* _TASK GOAL_:
Copy out each record that follows exactly, and omit any picture you find.

++++ RECORDS SUPPLIED

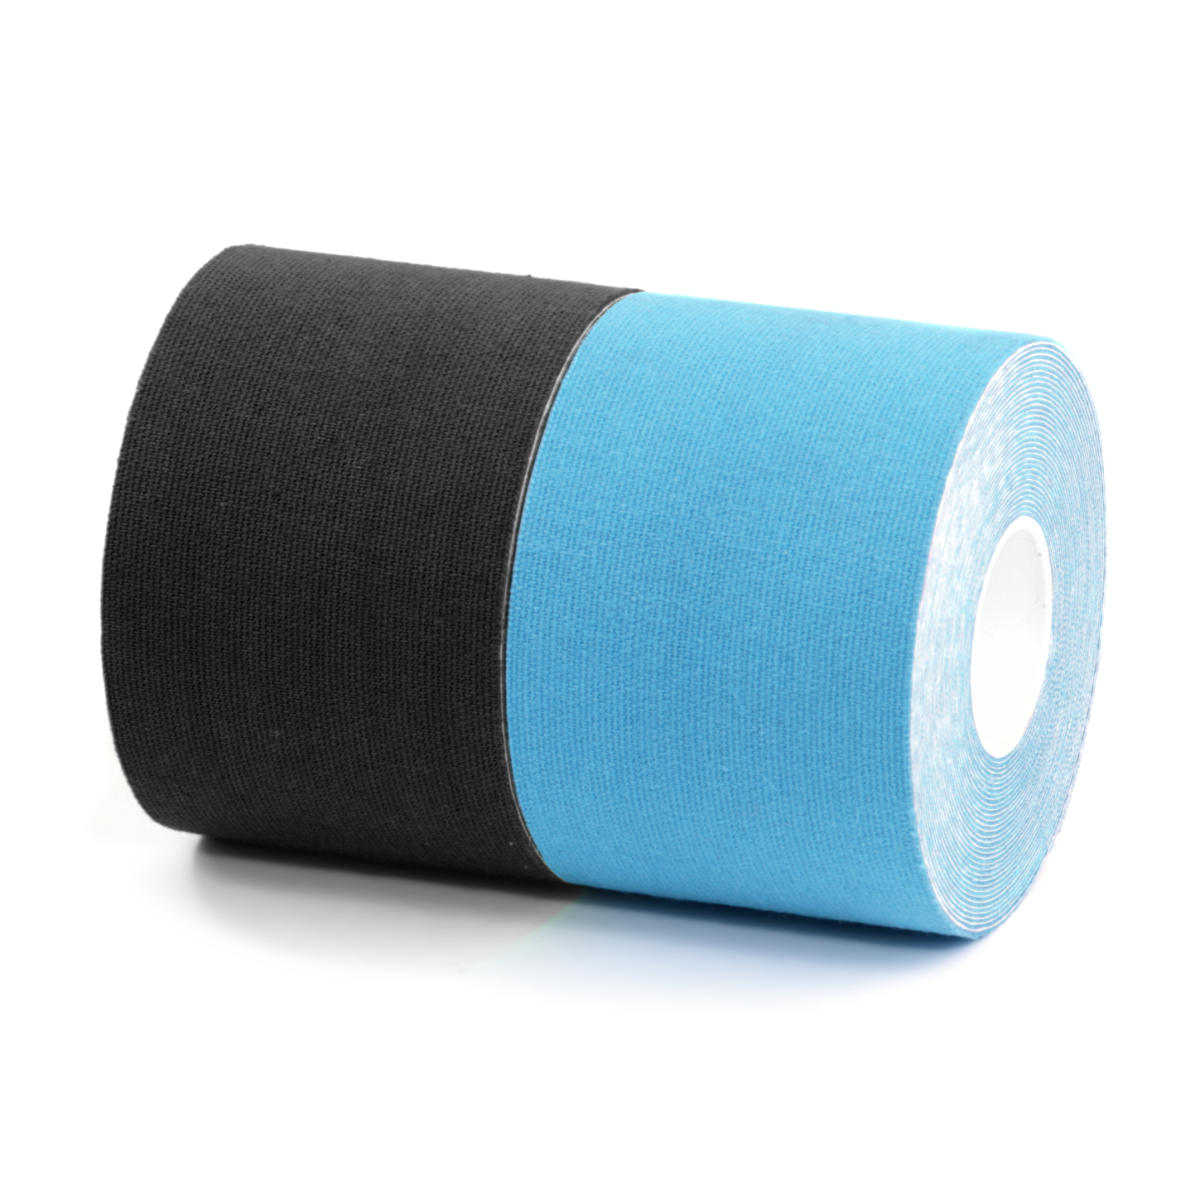 BRONVIT Sport Kinesio Tape set 2 x 5cm x 6m černá + modrá
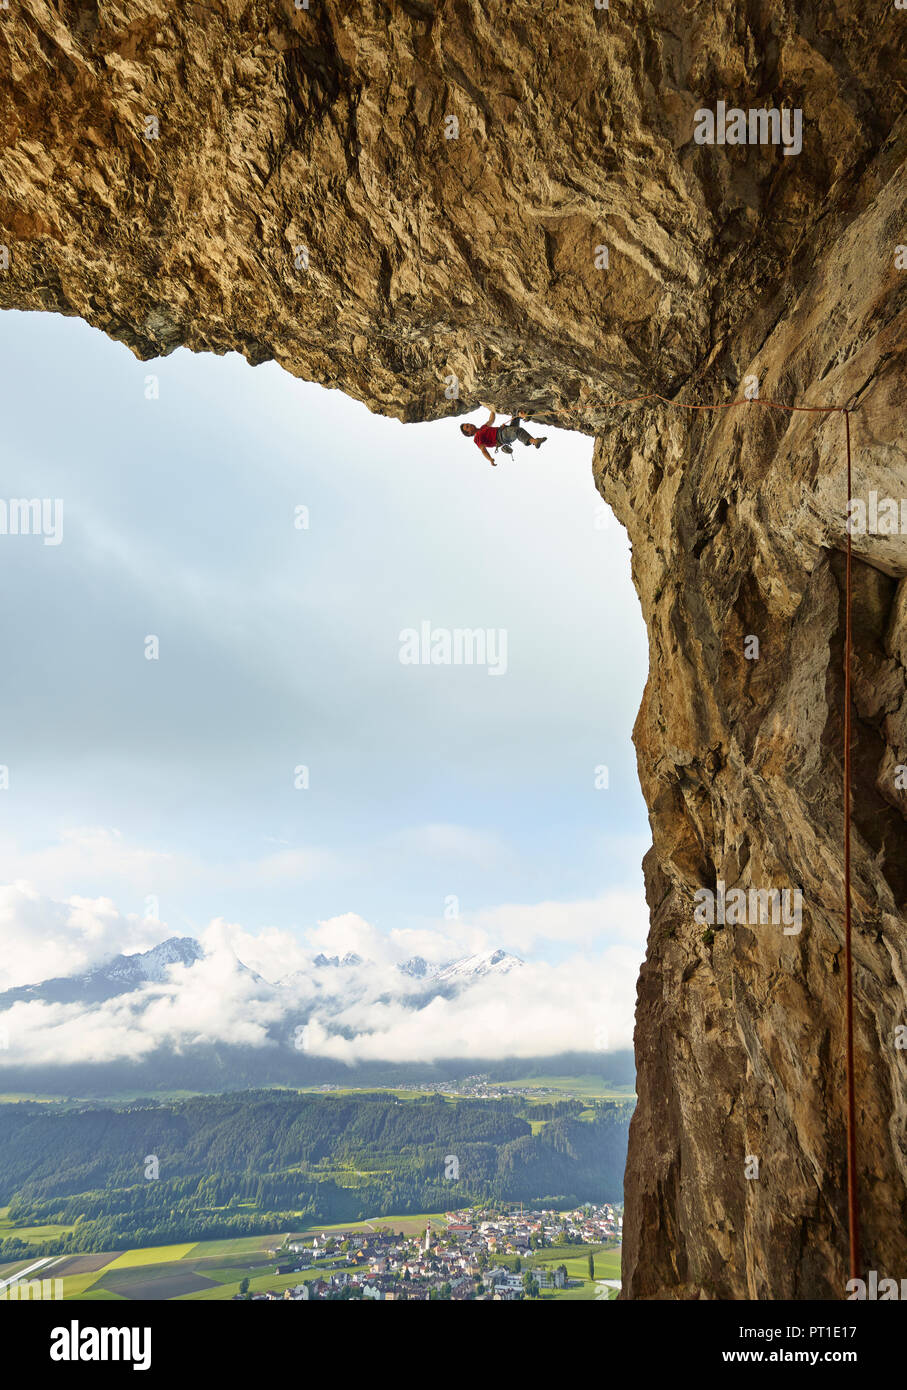 Austria, Innsbruck, Martinswand, man climbing in grotto Stock Photo
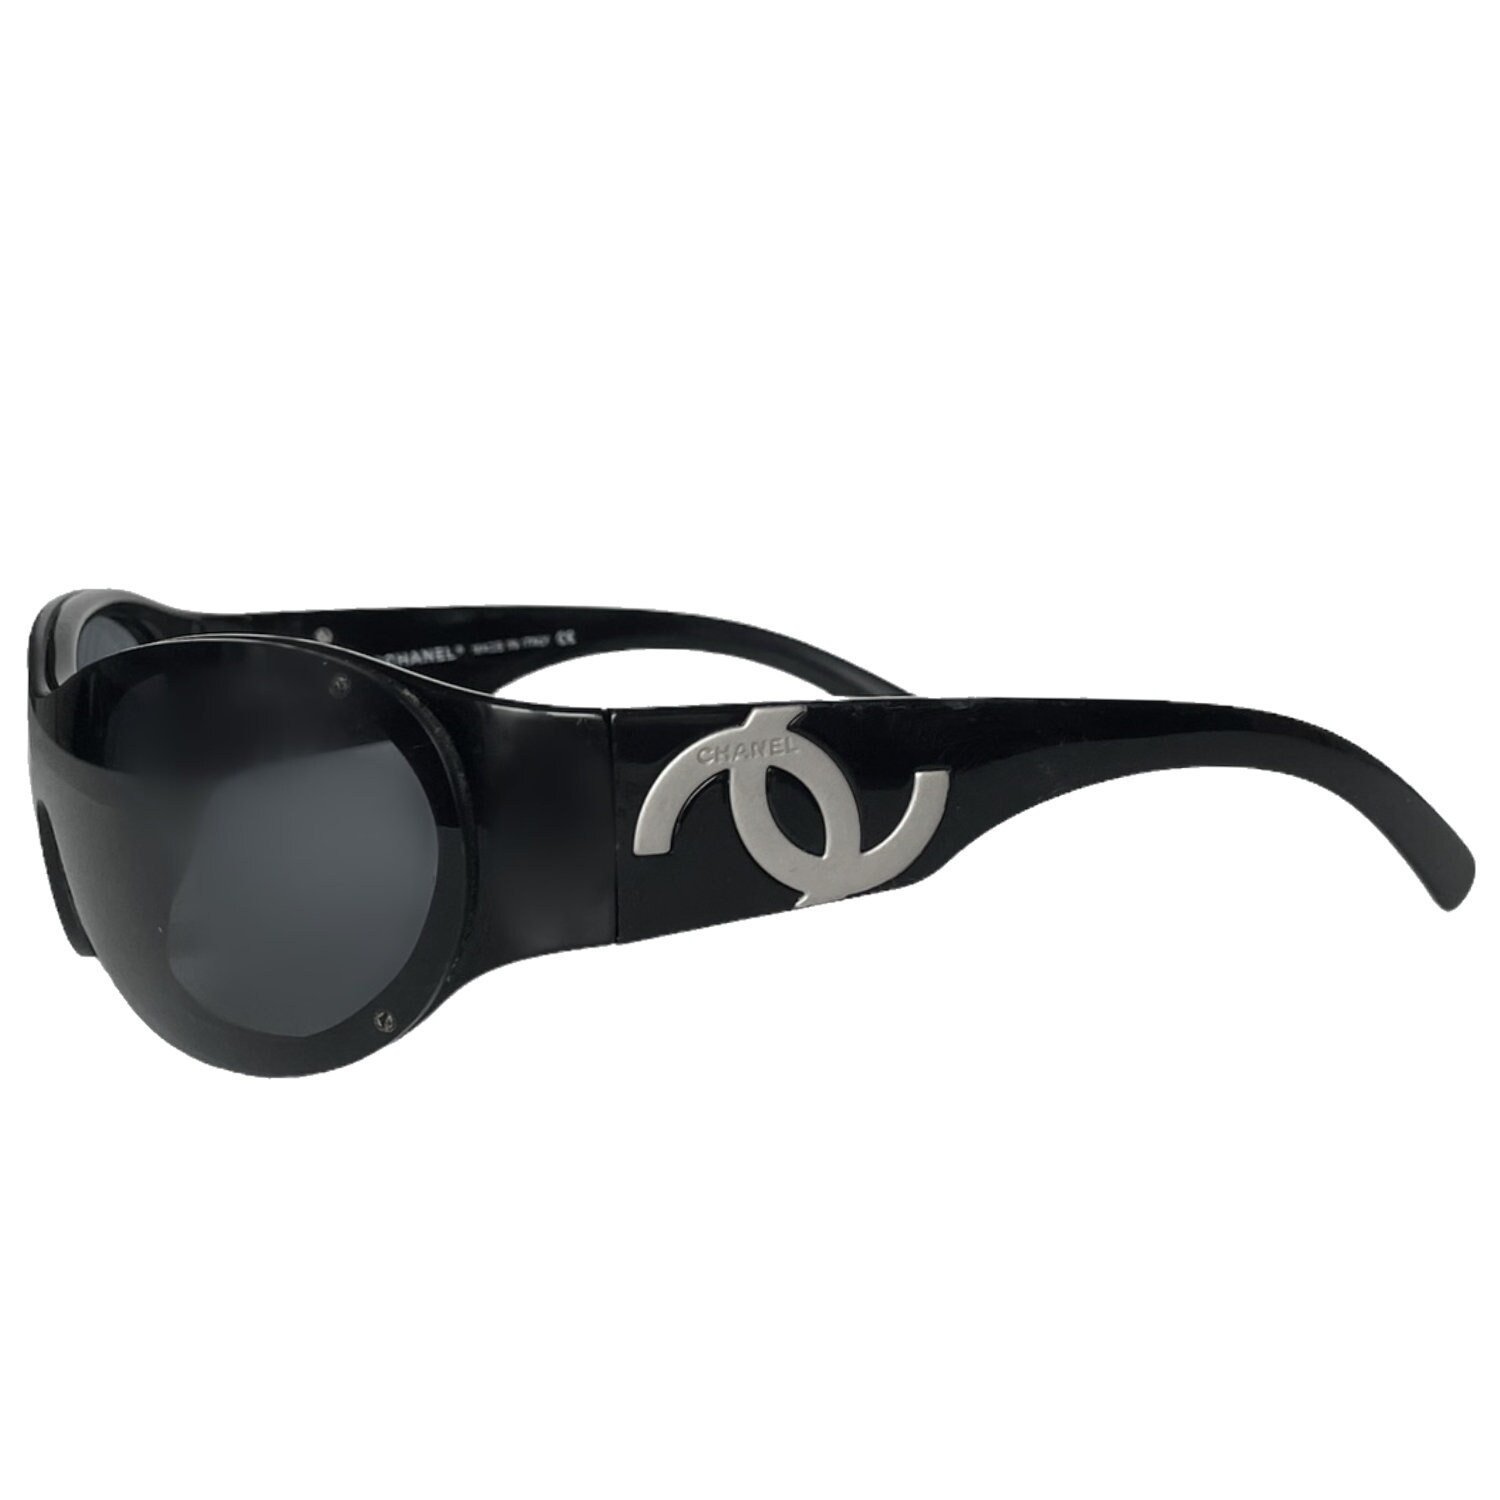 Chanel Sunglasses Authentic Chanel Logo Wraparound Ski 
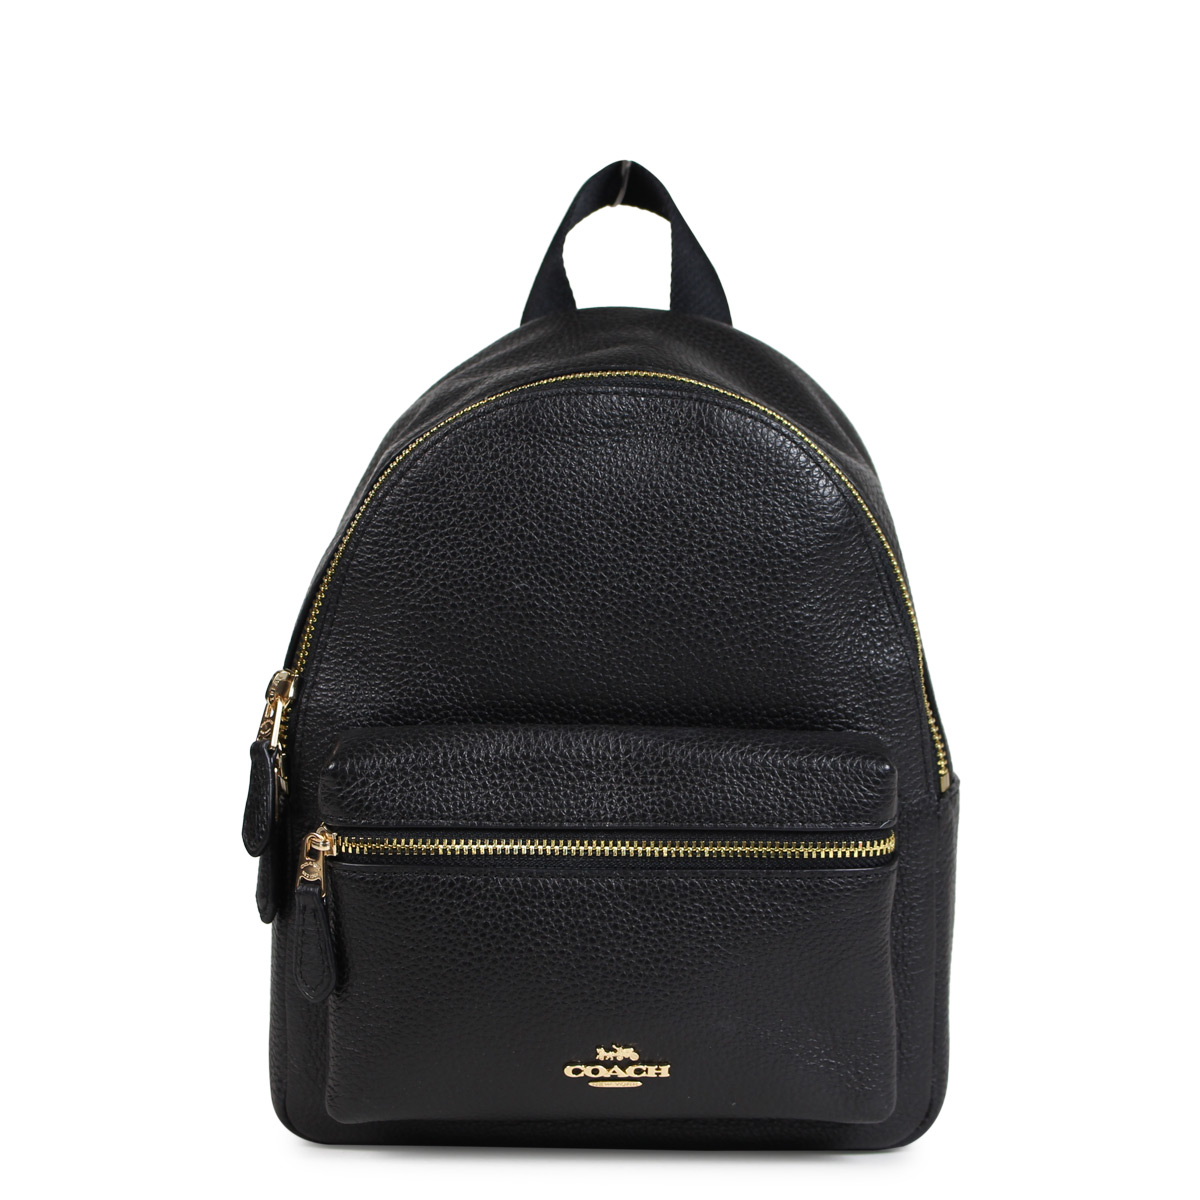 ALLSPORTS: COACH F28995 coach bag rucksack backpack Lady&#39;s leather black | Rakuten Global Market
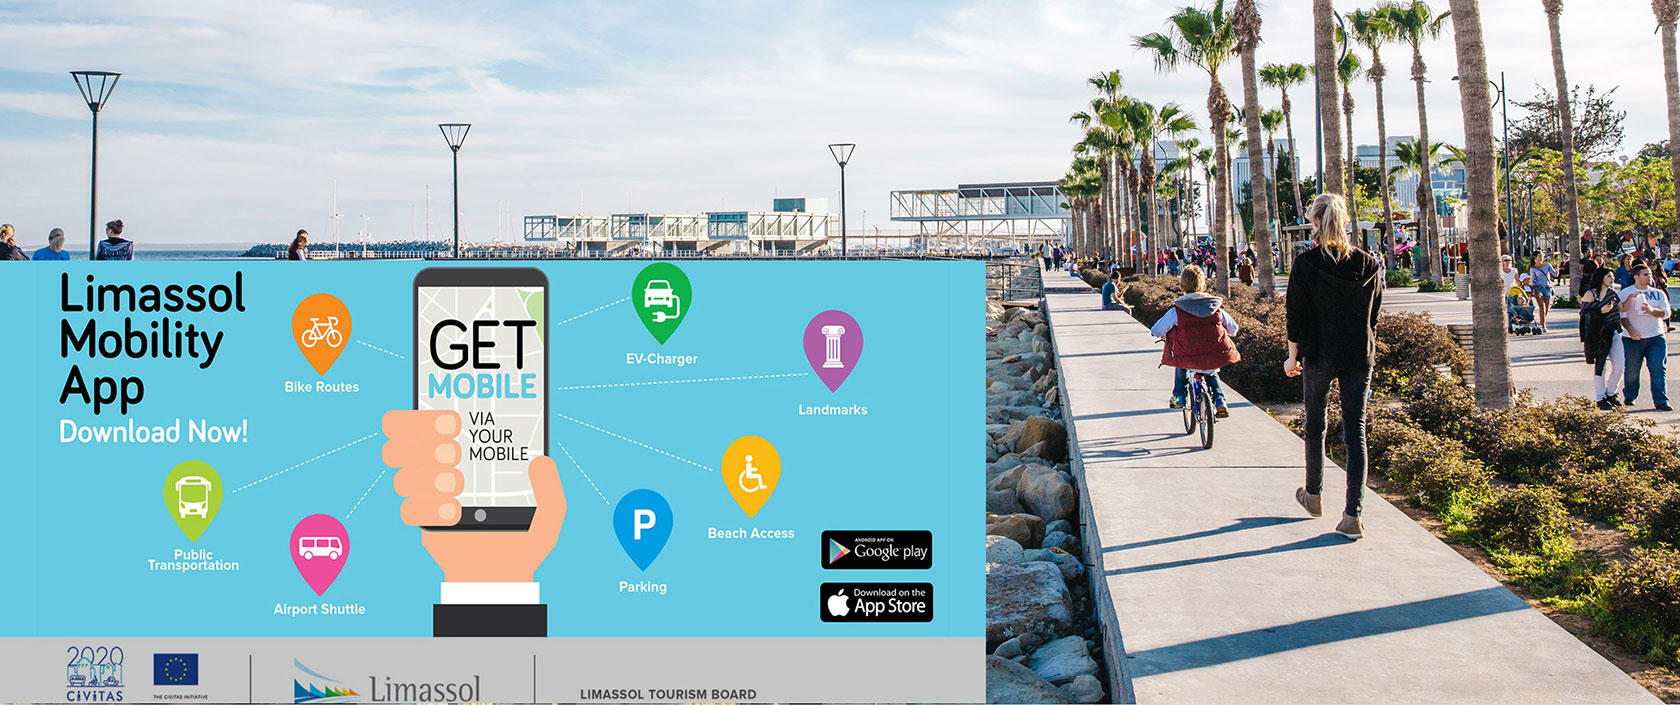 Limassol Mobility App

++++++++

* _YOUR RESPONSE_:
 BRONVIT Sport Kinesio Tape set 2 x 5cm x 6m černá + modrá
 Austria, Innsbruck, Martinswand, man climbing in grotto Stock Photo
 Chanel Sunglasses Authentic Chanel Logo Wraparound Ski 
 ALLSPORTS: COACH F28995 coach bag rucksack backpack Lady&#39;s leather black | Rakuten Global Market
 Limassol Mobility App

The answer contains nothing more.